(Source data)
################
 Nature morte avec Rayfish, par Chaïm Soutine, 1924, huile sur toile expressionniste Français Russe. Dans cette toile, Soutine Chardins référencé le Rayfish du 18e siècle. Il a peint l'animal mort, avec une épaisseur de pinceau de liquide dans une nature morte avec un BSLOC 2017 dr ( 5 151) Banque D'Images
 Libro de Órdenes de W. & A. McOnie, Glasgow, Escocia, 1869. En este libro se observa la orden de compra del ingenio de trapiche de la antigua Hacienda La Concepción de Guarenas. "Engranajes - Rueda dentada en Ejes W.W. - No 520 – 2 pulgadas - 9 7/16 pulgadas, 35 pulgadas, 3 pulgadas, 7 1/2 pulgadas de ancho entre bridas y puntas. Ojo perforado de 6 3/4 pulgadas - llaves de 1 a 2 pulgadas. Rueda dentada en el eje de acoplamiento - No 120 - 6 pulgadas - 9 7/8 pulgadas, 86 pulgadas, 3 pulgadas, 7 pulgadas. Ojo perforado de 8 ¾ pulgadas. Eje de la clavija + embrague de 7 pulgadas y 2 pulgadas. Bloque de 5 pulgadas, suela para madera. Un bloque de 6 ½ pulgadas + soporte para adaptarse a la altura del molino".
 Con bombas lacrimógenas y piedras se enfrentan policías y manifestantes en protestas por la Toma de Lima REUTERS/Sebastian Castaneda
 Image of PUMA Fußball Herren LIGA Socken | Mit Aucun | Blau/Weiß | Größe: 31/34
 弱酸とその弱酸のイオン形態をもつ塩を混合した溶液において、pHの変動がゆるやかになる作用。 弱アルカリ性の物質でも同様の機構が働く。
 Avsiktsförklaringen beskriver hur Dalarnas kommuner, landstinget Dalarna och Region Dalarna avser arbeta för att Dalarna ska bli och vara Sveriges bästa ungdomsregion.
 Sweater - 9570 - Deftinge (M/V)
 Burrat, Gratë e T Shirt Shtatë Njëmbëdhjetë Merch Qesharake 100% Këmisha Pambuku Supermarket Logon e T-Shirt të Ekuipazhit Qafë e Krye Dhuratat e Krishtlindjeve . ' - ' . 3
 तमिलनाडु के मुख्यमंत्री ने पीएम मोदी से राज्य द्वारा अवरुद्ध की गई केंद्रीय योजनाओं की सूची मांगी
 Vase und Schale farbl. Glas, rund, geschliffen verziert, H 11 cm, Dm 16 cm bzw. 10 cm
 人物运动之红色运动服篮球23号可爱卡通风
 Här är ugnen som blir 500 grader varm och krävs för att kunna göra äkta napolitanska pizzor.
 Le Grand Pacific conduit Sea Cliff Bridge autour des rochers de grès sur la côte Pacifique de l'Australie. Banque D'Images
################
» How to complete this task:
Within the lines above, find those holding the word "Images" and copy them.

» Result of the exercise:
 Nature morte avec Rayfish, par Chaïm Soutine, 1924, huile sur toile expressionniste Français Russe. Dans cette toile, Soutine Chardins référencé le Rayfish du 18e siècle. Il a peint l'animal mort, avec une épaisseur de pinceau de liquide dans une nature morte avec un BSLOC 2017 dr ( 5 151) Banque D'Images
 Le Grand Pacific conduit Sea Cliff Bridge autour des rochers de grès sur la côte Pacifique de l'Australie. Banque D'Images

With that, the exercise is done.